Хайруллах-бей повернулся боком, чтобы я не видела всю эту процедуру.
— Одеколону, немного одеколону… — сказал молодой доктор.
Хайруллах-бей кивнул головой на полку.
А птицы все щебетали и щебетали. Весело играл граммофон.
Вдруг в комнате резко запахло розовым маслом. Видимо, одеколон не нашли.
Розовое масло… Я сердилась и отнимала его у моей девочки. Неужели в благодарность за то счастье, которое она мне дарила, я, бессердечная, ревновала к ее любимому запаху.
— Доктор-бей, вылейте весь флакон на постель… — простонала я. — Моя крошка умрет спокойней, если будет дышать этим ароматом.

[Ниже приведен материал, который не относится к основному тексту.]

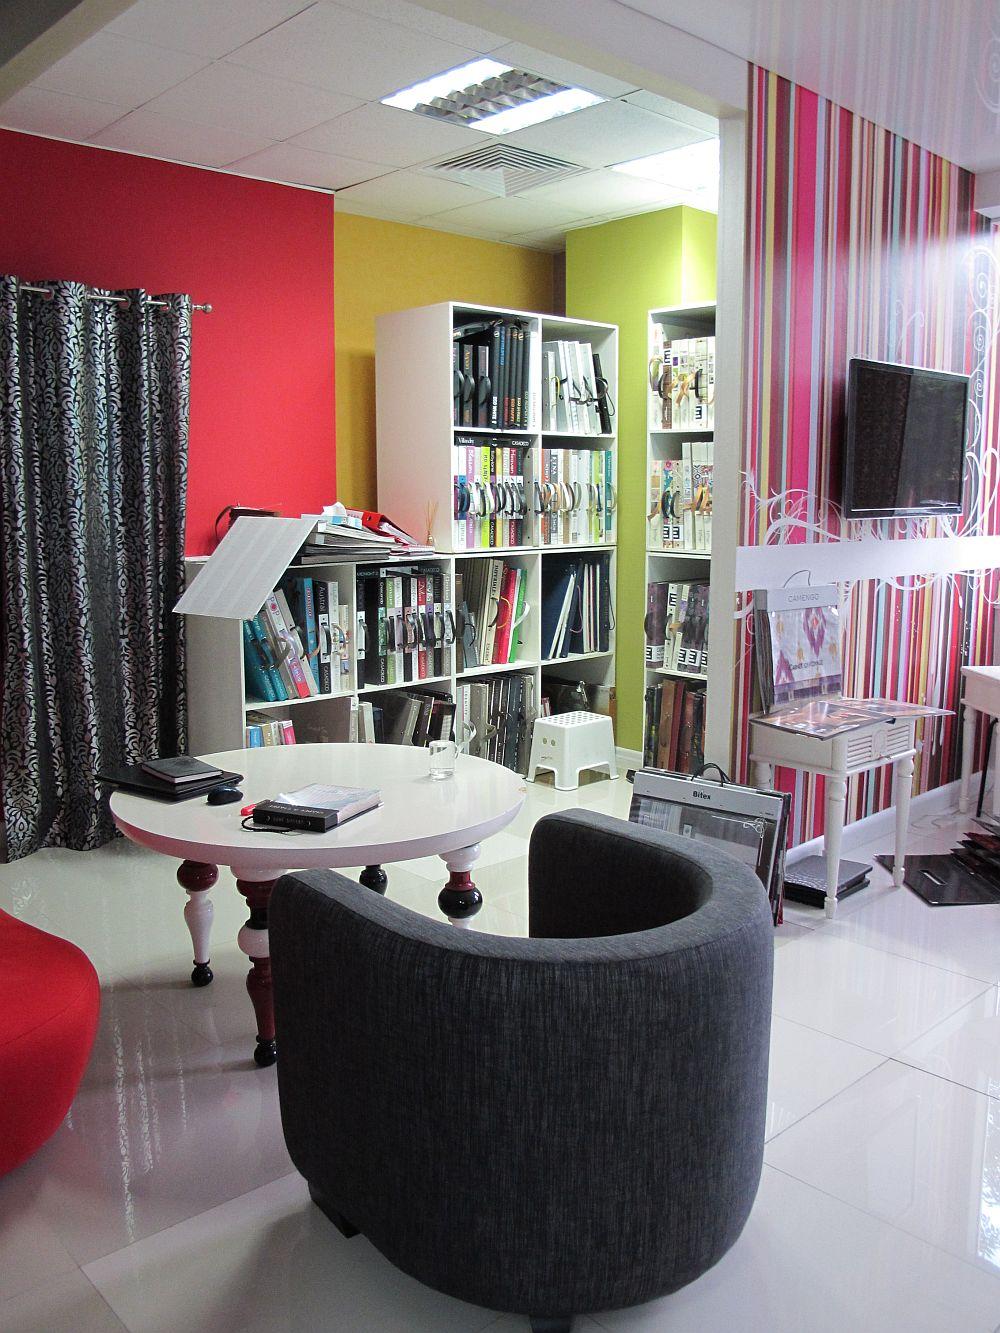 adelaparvu.com despre decoratiuni ProPlus, tapete, perdele, draperii, corpuri iluminat, oglinzi, mobila, parchet (8)

Старый доктор гладил мои волосы и говорил:
— Ступай, Феридэ, ступай, дитя мое… Давай уйдем.
Я хотела в последний раз поцеловать Мунисэ. Но не осмелилась. Девочка иногда целовала мои ладони. Я тоже взяла ее голую руку и покрыла поцелуями бедную сморщенную ладошку. Я благодарила девочку за все добро, которое она сделала своей «абаджиим».
Больше я не видела Мунисэ. Меня увели, уложили в постель и оставили одну.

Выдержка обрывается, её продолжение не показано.